### WHAT IS EXPECTED
In the records below, the line with "MotorCycleJackets Women’s Brown" opens the range and the line with "Gemini integration within Gmail" closes it; print that range exactly and nothing else.

=== Begin Enclosure ===

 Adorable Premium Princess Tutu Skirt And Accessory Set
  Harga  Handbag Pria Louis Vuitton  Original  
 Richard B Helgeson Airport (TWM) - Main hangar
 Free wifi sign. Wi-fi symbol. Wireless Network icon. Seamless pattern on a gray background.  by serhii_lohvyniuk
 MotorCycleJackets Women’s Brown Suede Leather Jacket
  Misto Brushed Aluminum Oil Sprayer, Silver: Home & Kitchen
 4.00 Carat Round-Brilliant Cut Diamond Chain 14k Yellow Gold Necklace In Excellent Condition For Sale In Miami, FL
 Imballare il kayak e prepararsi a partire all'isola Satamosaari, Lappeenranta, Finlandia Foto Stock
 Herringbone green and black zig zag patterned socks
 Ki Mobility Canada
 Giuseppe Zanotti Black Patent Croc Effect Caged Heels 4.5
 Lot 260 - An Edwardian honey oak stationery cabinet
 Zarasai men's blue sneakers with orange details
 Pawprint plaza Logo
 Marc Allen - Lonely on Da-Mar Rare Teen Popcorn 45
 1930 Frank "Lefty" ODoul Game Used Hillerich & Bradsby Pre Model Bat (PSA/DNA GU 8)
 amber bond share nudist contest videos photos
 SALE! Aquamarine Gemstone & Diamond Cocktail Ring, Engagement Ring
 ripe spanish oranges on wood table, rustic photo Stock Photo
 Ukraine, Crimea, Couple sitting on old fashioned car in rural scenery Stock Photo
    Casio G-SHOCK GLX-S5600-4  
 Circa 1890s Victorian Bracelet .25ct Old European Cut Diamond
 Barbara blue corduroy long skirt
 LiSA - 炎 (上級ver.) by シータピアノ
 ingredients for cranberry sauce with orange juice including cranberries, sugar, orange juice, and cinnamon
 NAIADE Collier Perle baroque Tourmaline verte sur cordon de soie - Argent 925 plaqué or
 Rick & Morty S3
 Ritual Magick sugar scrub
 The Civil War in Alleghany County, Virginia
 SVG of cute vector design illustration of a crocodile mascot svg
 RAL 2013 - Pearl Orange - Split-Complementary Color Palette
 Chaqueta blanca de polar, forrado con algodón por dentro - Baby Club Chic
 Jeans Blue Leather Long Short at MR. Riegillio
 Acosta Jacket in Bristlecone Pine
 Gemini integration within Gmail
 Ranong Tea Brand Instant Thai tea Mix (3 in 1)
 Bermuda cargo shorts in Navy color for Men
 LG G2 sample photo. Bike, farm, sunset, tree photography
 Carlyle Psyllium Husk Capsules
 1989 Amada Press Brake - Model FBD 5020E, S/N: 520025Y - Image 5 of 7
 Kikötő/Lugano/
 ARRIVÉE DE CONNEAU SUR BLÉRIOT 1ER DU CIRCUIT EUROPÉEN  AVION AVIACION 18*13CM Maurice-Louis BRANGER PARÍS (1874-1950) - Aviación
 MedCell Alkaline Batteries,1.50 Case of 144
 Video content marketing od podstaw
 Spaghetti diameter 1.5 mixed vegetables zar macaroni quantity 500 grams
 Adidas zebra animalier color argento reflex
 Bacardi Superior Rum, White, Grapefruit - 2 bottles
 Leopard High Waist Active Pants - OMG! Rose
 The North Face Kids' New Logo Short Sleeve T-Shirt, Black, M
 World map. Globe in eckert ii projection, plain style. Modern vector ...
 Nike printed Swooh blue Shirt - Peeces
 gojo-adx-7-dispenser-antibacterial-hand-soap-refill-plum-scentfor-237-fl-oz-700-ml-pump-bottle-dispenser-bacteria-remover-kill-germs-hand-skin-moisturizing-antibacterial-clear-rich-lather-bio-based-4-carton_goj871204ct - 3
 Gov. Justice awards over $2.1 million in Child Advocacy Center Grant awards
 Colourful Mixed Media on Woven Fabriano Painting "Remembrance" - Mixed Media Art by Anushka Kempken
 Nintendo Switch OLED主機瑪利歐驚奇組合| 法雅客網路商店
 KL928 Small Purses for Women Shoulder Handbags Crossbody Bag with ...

=== End Enclosure ===

### TASK SOLUTION
 MotorCycleJackets Women’s Brown Suede Leather Jacket
  Misto Brushed Aluminum Oil Sprayer, Silver: Home & Kitchen
 4.00 Carat Round-Brilliant Cut Diamond Chain 14k Yellow Gold Necklace In Excellent Condition For Sale In Miami, FL
 Imballare il kayak e prepararsi a partire all'isola Satamosaari, Lappeenranta, Finlandia Foto Stock
 Herringbone green and black zig zag patterned socks
 Ki Mobility Canada
 Giuseppe Zanotti Black Patent Croc Effect Caged Heels 4.5
 Lot 260 - An Edwardian honey oak stationery cabinet
 Zarasai men's blue sneakers with orange details
 Pawprint plaza Logo
 Marc Allen - Lonely on Da-Mar Rare Teen Popcorn 45
 1930 Frank "Lefty" ODoul Game Used Hillerich & Bradsby Pre Model Bat (PSA/DNA GU 8)
 amber bond share nudist contest videos photos
 SALE! Aquamarine Gemstone & Diamond Cocktail Ring, Engagement Ring
 ripe spanish oranges on wood table, rustic photo Stock Photo
 Ukraine, Crimea, Couple sitting on old fashioned car in rural scenery Stock Photo
    Casio G-SHOCK GLX-S5600-4  
 Circa 1890s Victorian Bracelet .25ct Old European Cut Diamond
 Barbara blue corduroy long skirt
 LiSA - 炎 (上級ver.) by シータピアノ
 ingredients for cranberry sauce with orange juice including cranberries, sugar, orange juice, and cinnamon
 NAIADE Collier Perle baroque Tourmaline verte sur cordon de soie - Argent 925 plaqué or
 Rick & Morty S3
 Ritual Magick sugar scrub
 The Civil War in Alleghany County, Virginia
 SVG of cute vector design illustration of a crocodile mascot svg
 RAL 2013 - Pearl Orange - Split-Complementary Color Palette
 Chaqueta blanca de polar, forrado con algodón por dentro - Baby Club Chic
 Jeans Blue Leather Long Short at MR. Riegillio
 Acosta Jacket in Bristlecone Pine
 Gemini integration within Gmail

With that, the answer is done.